Even deadlier cigarettes

In the 1950s cigarette companies tried to make their products appear healthier. One of them decided to do this by adding asbestos.

Kent cigarettes
Rute Martins of Leoa’s Photography (www.leoa.co.za) [CC BY-SA]
The other day I was reading about the so-called “tar derby.” It was a specific period in the 1950s and early 1960s between two big events: the public revelations that cigarettes would kill you and the ban on health claims in cigarette ads. If you were in advertising, it was a golden age.

1950 was the year, and prominent medical journals began to connect the levels of tar and nicotine in cigarettes with lung cancer. Cigarette sales dropped suddenly, and the companies had to scramble to protect their revenues. And they responded the way that many companies do: by making it worse. So much worse.

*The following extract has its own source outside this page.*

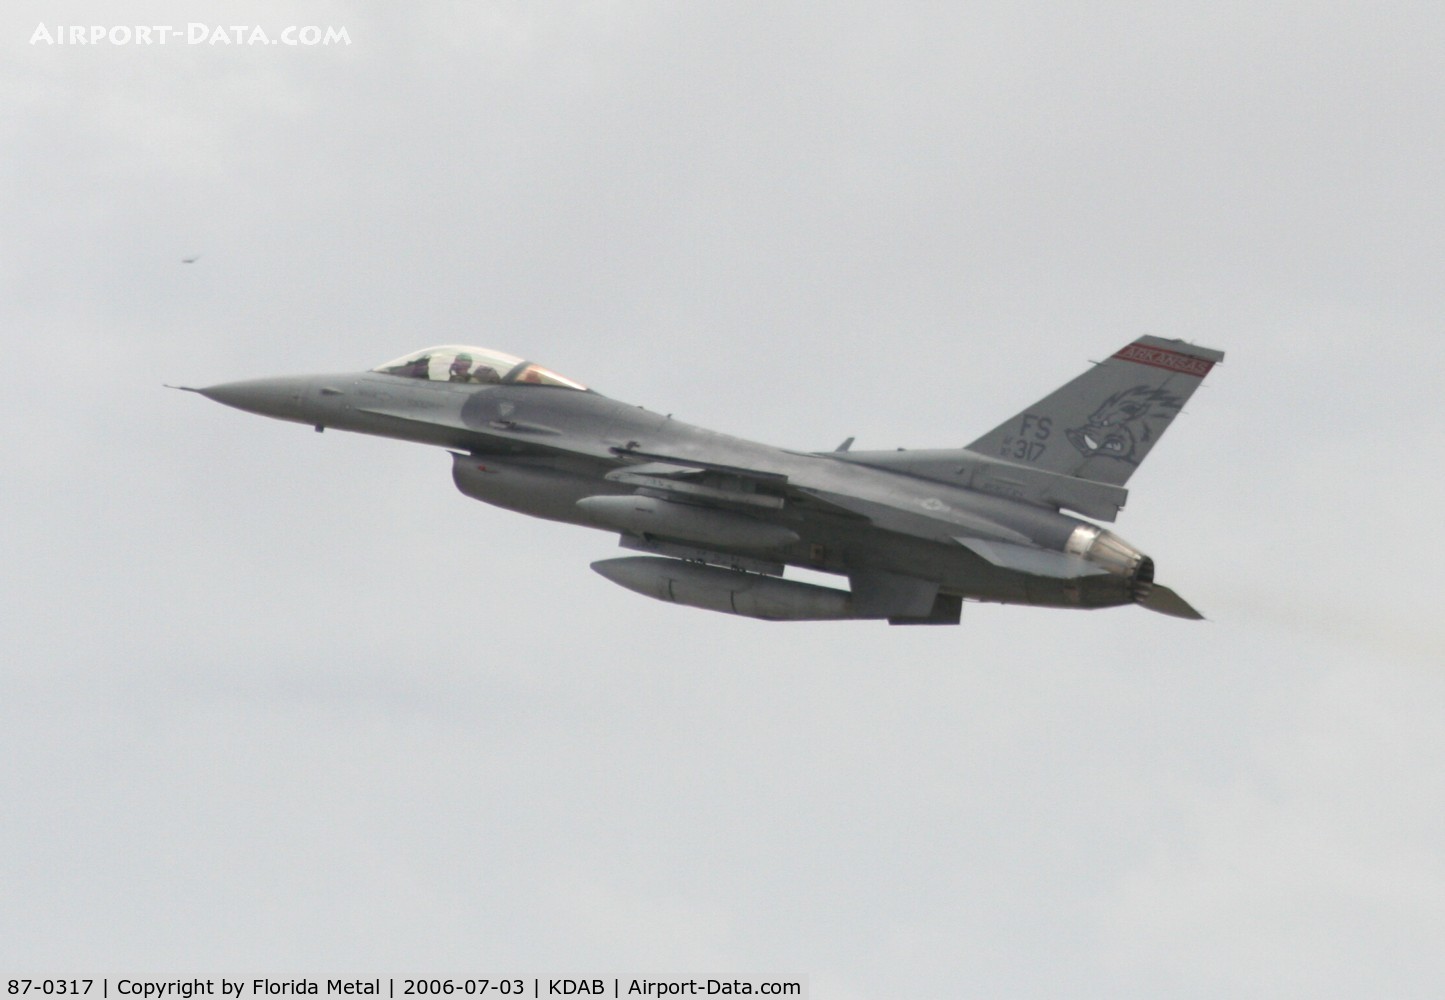 87-0317, 1987 General Dynamics F-16C Fighting Falcon C/N 5C-578, DAB zx

The focus of advertising around this time was on the levels of tar and nicotine going into smokers’ lungs. In 1952 the Lorillard Tobacco Company introduced a filter that they claimed blocked much of the tar and nicotine – at the time, most cigarettes were unfiltered, so this was pitched as a health revolution. I’m not even joking, they boasted about the low low tar and nicotine and in four years sold 13 billion of their new Kent cigarettes.

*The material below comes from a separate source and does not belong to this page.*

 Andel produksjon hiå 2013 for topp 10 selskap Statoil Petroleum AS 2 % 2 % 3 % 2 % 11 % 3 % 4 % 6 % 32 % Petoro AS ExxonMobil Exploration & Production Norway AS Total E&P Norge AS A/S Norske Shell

Just one problem, and it was a doozy: their revolutionary filter contained asbestos. And not just any asbestos, blue asbestos, the deadliest kind. It will get into your lungs, stick around for decades, and then you’ll drop dead from mesothelioma. The asbestos was removed from the cigarettes in 1956, but that was long enough to do significant damage: Lorillard (now owned by R. J. Reynolds) has been beset by lawsuit upon lawsuit because of the double-dose of cigarette smoke and asbestos fibres.